Brief: Reproduce exactly, and exclusively, the lines from the line containing "Foster PSG600H stainless" through the final line of the listing below.

*** Data for analysis ***

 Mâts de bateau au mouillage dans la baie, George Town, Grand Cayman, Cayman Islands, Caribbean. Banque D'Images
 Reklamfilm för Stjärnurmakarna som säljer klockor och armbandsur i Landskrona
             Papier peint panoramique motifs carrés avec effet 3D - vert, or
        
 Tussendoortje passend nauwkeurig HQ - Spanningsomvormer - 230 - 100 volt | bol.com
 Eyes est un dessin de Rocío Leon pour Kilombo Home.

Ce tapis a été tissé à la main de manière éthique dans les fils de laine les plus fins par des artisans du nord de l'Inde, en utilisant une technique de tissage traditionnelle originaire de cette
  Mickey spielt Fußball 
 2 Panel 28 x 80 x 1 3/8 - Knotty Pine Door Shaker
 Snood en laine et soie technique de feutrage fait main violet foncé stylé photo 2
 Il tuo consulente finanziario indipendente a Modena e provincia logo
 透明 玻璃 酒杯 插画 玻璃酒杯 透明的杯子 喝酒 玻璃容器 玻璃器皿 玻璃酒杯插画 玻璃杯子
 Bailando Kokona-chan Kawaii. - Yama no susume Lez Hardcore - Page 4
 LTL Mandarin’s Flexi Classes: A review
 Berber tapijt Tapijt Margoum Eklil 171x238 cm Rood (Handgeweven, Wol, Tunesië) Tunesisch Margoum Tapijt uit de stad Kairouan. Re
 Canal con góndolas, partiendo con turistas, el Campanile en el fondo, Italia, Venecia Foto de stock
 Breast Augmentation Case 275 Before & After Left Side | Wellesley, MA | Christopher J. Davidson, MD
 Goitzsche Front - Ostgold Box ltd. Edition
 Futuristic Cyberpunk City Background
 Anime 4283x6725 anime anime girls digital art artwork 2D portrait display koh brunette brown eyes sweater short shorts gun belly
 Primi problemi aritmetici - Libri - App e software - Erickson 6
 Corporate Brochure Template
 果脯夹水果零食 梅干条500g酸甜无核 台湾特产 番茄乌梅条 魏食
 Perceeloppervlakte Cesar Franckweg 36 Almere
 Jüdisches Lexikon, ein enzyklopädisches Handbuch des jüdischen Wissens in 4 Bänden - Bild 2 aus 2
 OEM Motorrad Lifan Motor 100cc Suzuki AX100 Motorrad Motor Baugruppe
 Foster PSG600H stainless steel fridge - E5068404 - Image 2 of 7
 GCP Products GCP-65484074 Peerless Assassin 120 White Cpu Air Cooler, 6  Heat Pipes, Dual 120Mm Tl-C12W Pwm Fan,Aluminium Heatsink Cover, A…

*** End of Data for analysis ***

Response to this task:
 Foster PSG600H stainless steel fridge - E5068404 - Image 2 of 7
 GCP Products GCP-65484074 Peerless Assassin 120 White Cpu Air Cooler, 6  Heat Pipes, Dual 120Mm Tl-C12W Pwm Fan,Aluminium Heatsink Cover, A…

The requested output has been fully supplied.